RAW DATA –
------------------------------------------------------------------------

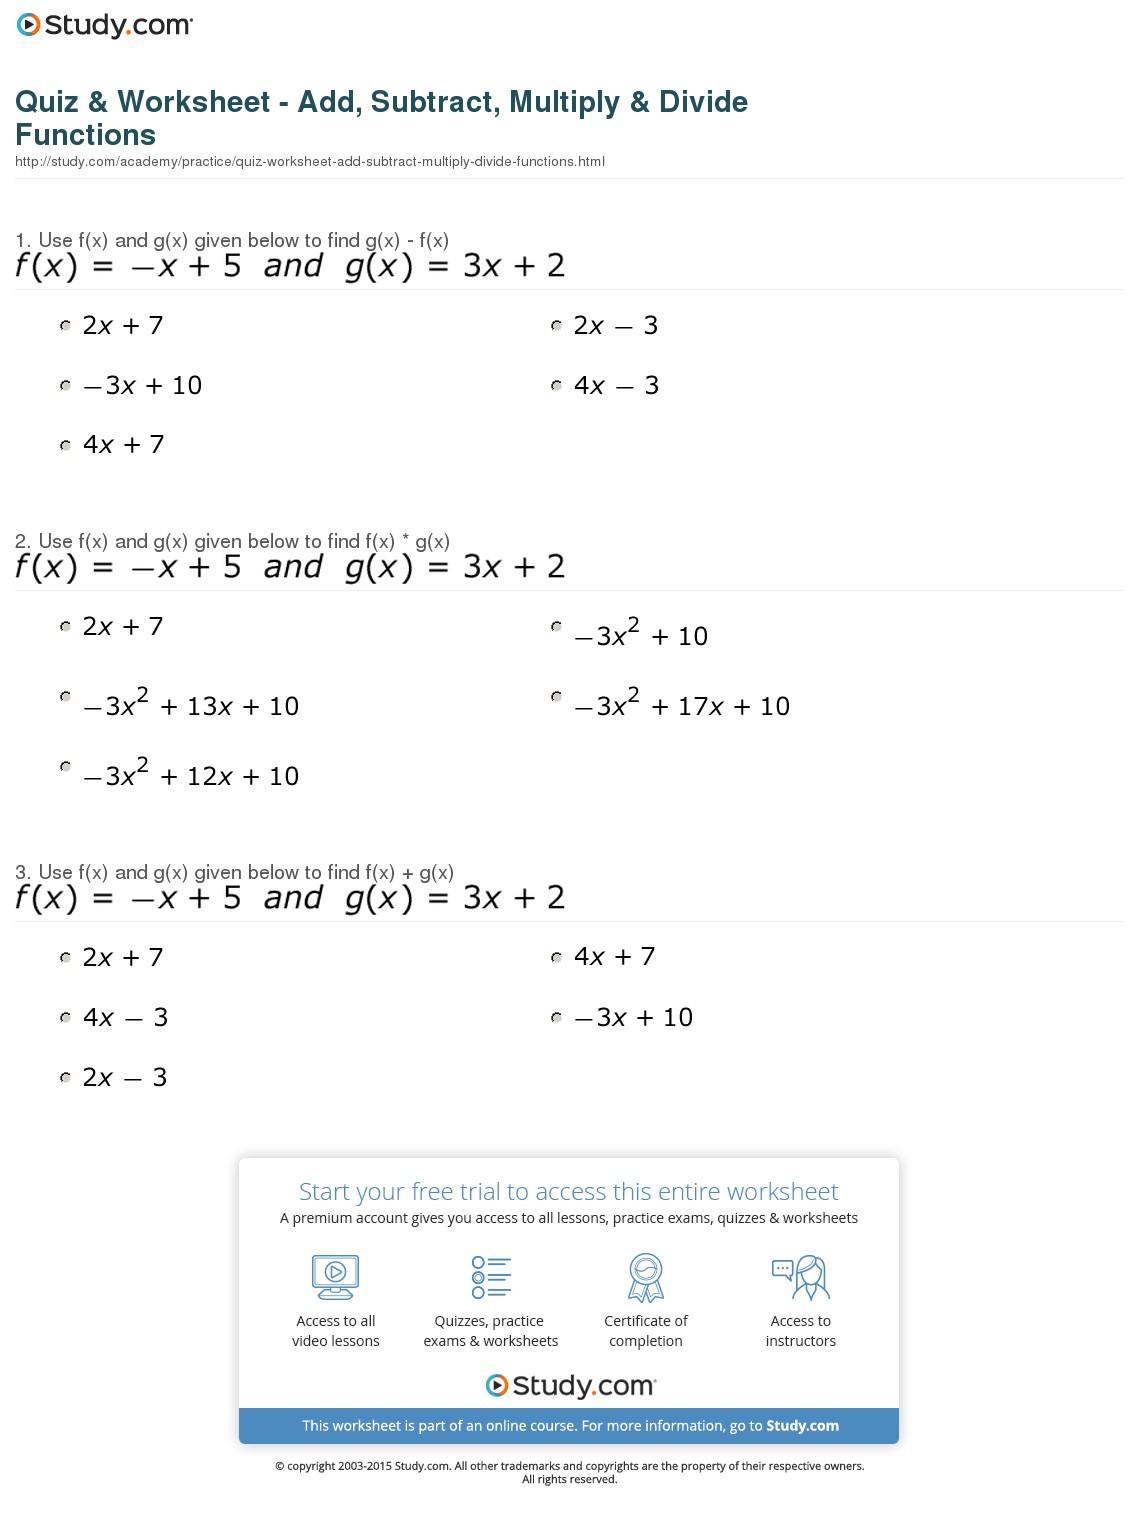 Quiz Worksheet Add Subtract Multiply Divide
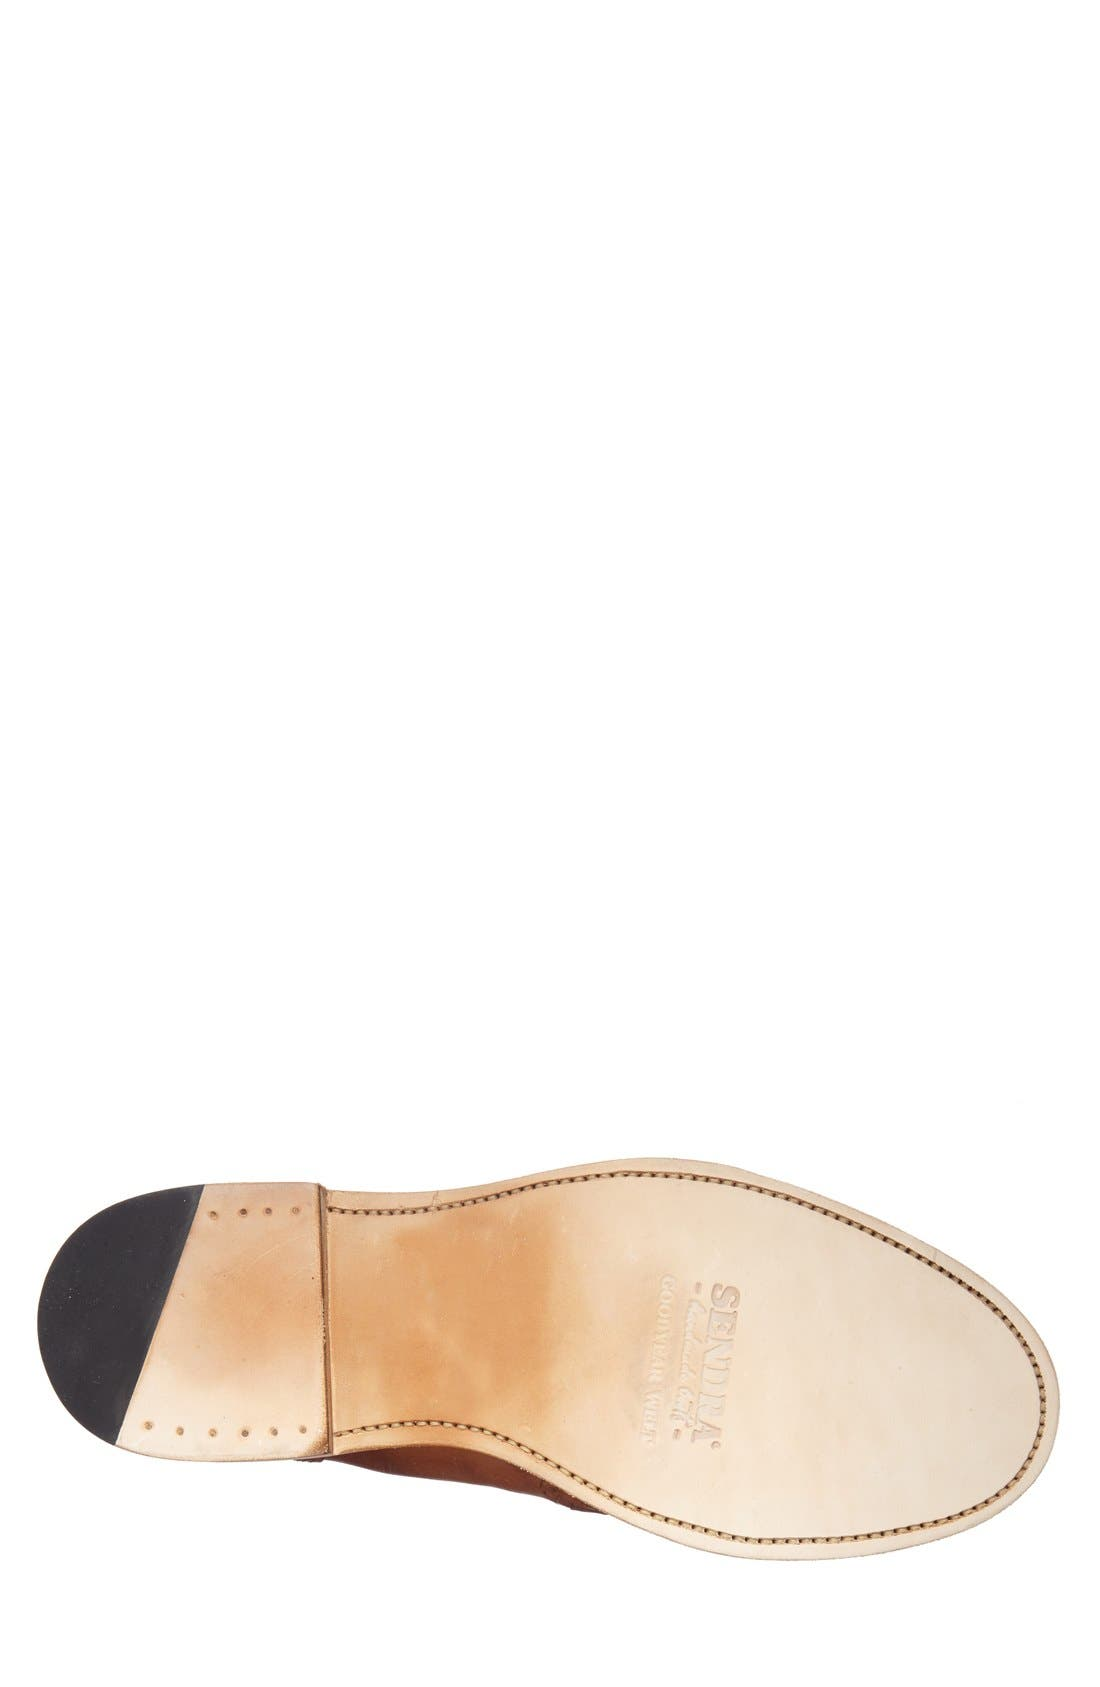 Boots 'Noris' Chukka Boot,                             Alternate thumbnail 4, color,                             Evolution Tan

------------------------------------------------------------------------

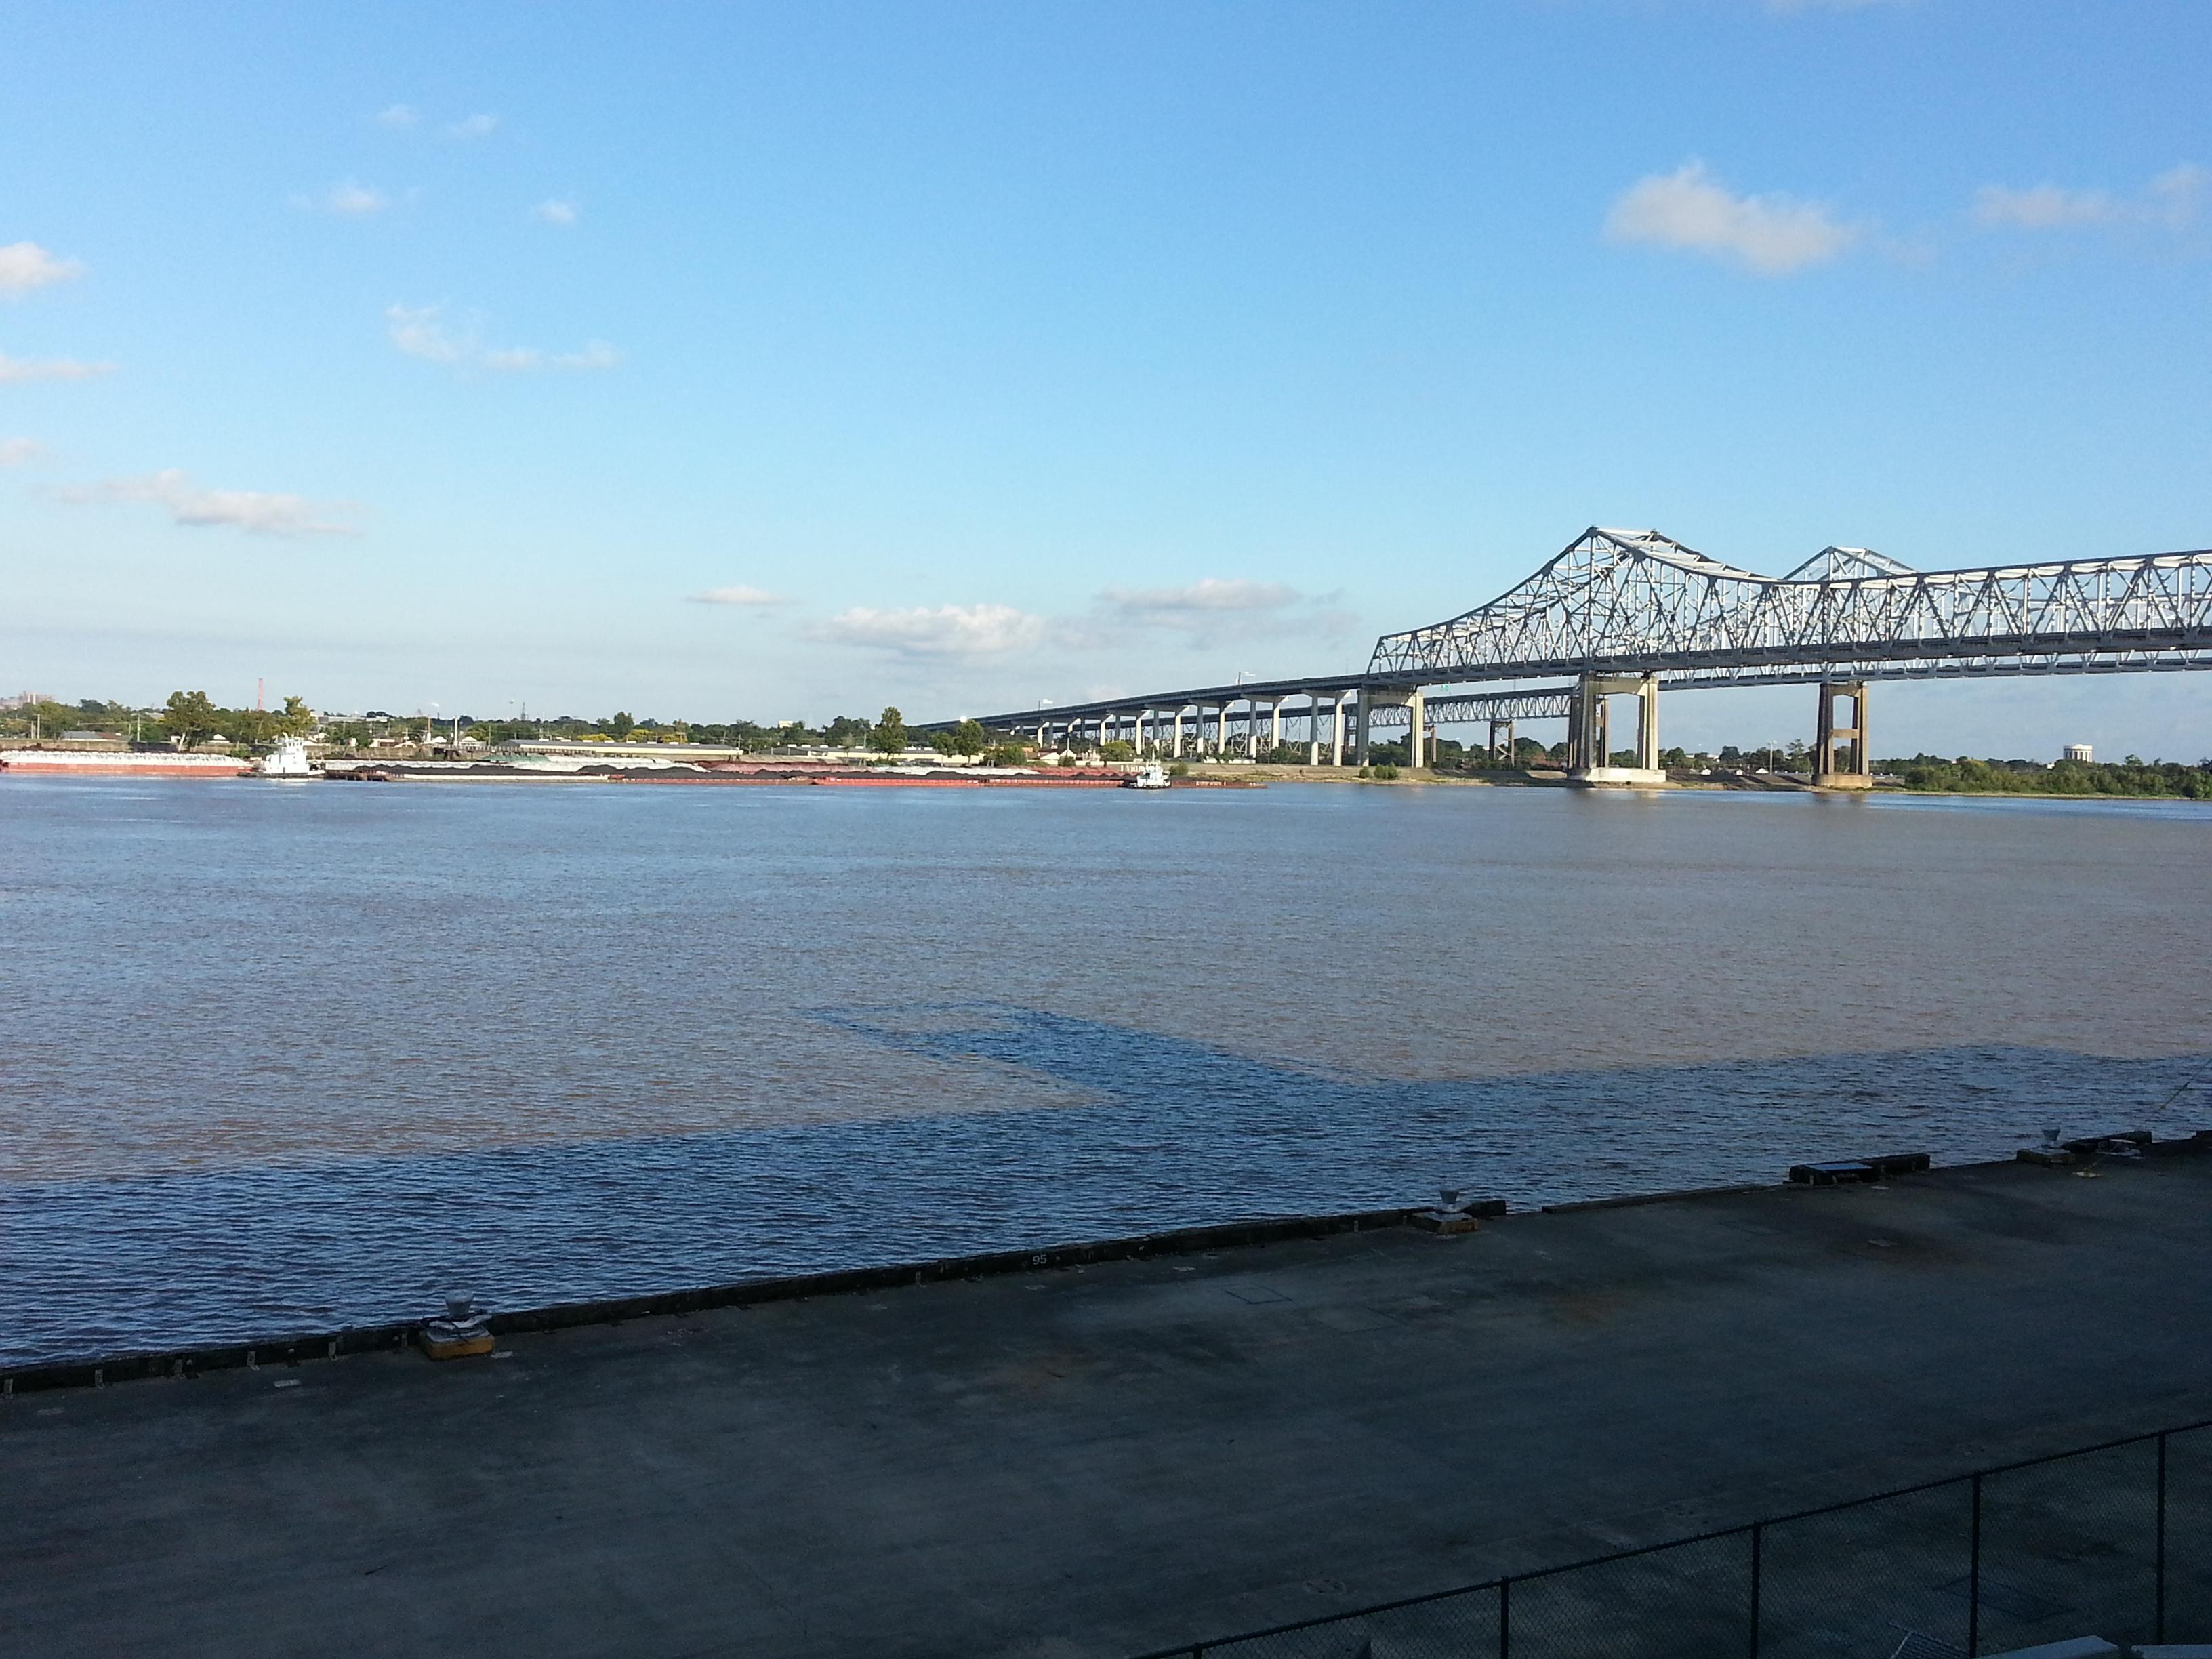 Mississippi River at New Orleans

------------------------------------------------------------------------

TRY IT – With the pictures omitted, print the lines above exactly, beginning at the line with "Quiz Worksheet Add Subtract Multiply Divide" and going on through the line with "Boots 'Noris' Chukka".

RESPONSE TO THE EXERCISE –
 Quiz Worksheet Add Subtract Multiply Divide
 Boots 'Noris' Chukka Boot,                             Alternate thumbnail 4, color,                             Evolution Tan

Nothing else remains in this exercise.